Светлый фон

– Сын моего отца благодарит блистательного за заботу, – гоган с родимым пятном говорил вежливо, но настойчиво, – однако каждый должен лишь то, что должен. Не следует вождю провожать недостойных, ведь о нем могут спросить.

– Я часто езжу ночами, – Роберу как-то удалось остаться спокойным, – и мне в любом случае нужно встретиться с господином Люра и… и с четвертым из вас.

Две дюжины солдат, капитан и герцог. Неплохой эскорт для троих человек, вряд ли знающих, как держать пистолет.

– Пусть блистательный будет осторожен. Сердце названного по имени тверже камня и грязней логовища шакала.

А сердце «блистательного»? Лэйе Астрапэ, если не прости, то пойми – у них нет другого выхода. Или эти трое сегодня, или две тысячи и пол-Эпинэ – завтра.

– Достославный не верит Симону Люра? Но это вы его нашли.

– Великие дела требуют и великой грязи, и великой чистоты, – вздохнул достославный. – Тот, кого сын твоего отца зовет Люра, рожден от дурного семени и свободен во зле, как и все, созданные из праха. Они вольны клясться и нарушать клятвы. Им страшны лишь руки людские, стражи Кабиоховы их не видят и не остановят. Лишь рожденные от семени сынов Кабиоховых закляты ото лжи именем Его.

Закляты ото лжи? Ну-ну… Рыжие многое помнят, они знают толк и в золоте, и в магии, но как же они наивны. «Мэтр Вукрэ» не сомневался, что Альдо исполнит клятву, и умер, а клятвопреступник жив и здоров.

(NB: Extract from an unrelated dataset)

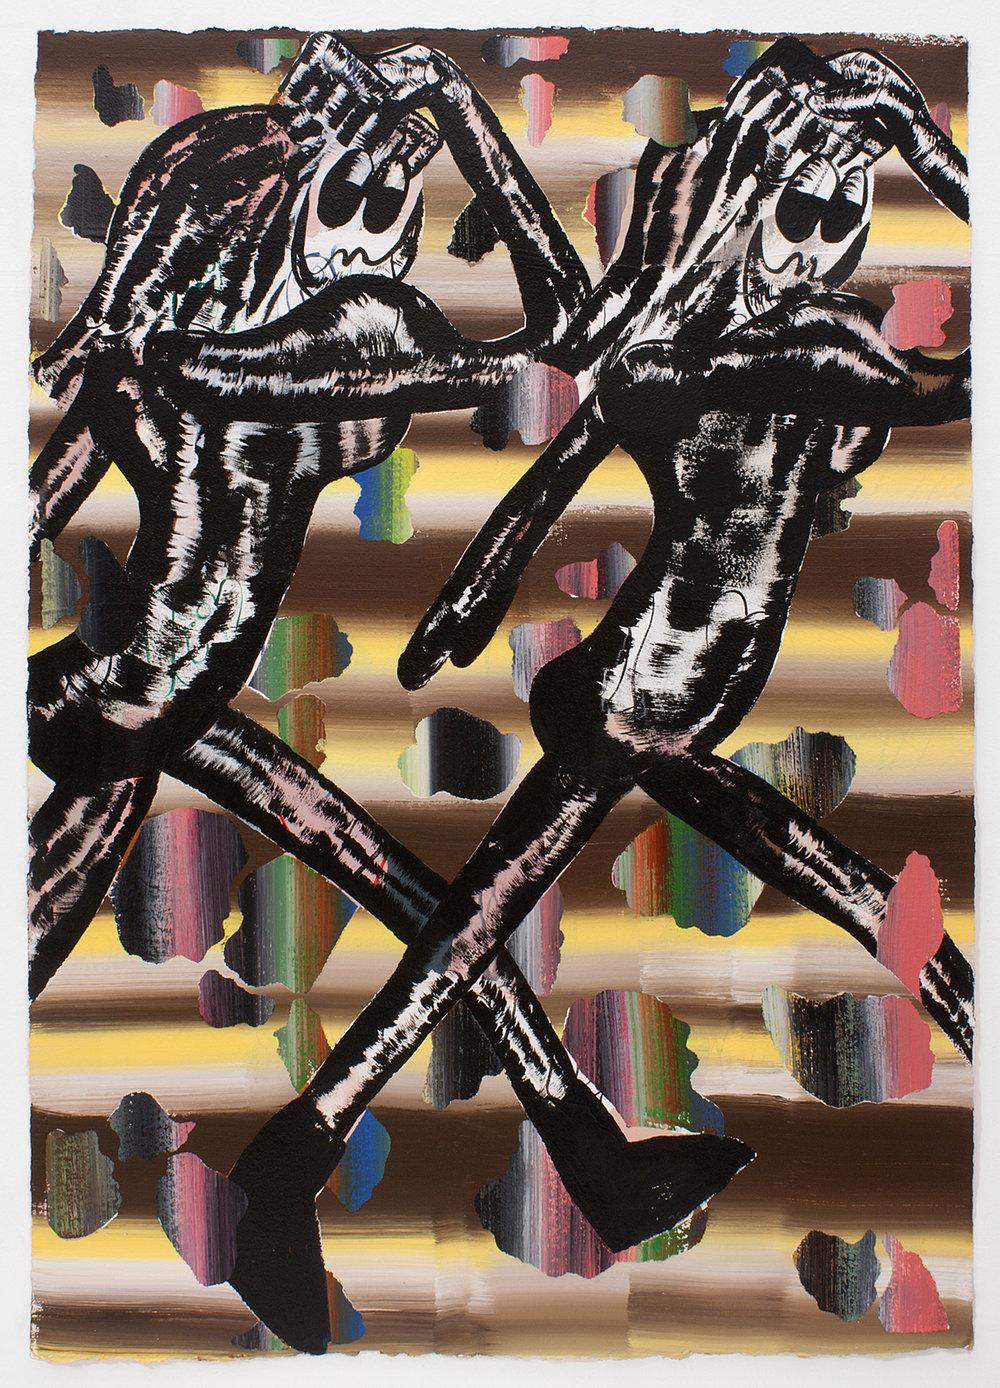 Bridget Mullen - We Break Symbolic, 2016Acrylic paint on paper42 x 29.5 in/106.68 x 74.93 cmFramedContact for price

– Лгут все, – честно сказал Робер Эпинэ, – просто одним это легче, другим трудней.

– Всеотец знает цену всему, – согласился обладатель пятна, – можно, радуя сильного, назвать пса львом. Можно продать глупому мула как коня, но цена великой клятве назначена единожды и навеки.

Единожды, навеки и до леса Святой Мартины, который следует называть лесом Леворукого.

– Я не знаю про великую клятву. – Закатные твари, они на месте, еще четверть хорны вдоль обрыва – и все. Их никто не услышит, разве что Малая Кошка, но она не смотрит вниз.

– Блистательный шутит. Он был свидетелем, его глаза видели, его уши слышали.

…А его мозги не понимали, зато желудок требовал мяса, а гонор желал вырваться из-под опеки Эсперадора. Вот он и вырвался.

– Я не знал, как это называется. Мы просто дали слово.

– И оно было принято.

Отряд развернулся, углубляясь в лес. Здесь уже убивали. Могила Флоримона Шуэза совсем рядом, а у гоганов могил не будет, они просто исчезнут. «Шар судеб», а говоря по чести, просто подлость. Судьба делает из нас покойников, но мерзавцами мы становимся по собственному выбору.

Кривое дерево, опрокинутый «лафет», с которого свалилось изображавшее пушку бревно. Где-то здесь упал Рихард Борн с шальной пулей в спине. Полковника убил кто-то из повстанцев. В тот день все стреляли во всех, не разбирая, где свой, а где – чужой. Те, кто заплатил за пролившуюся в лесу Святой Мартины кровь, лягут здесь же, хотя Робер с Никола об этом не думали. Просто искали подходящее место. И нашли.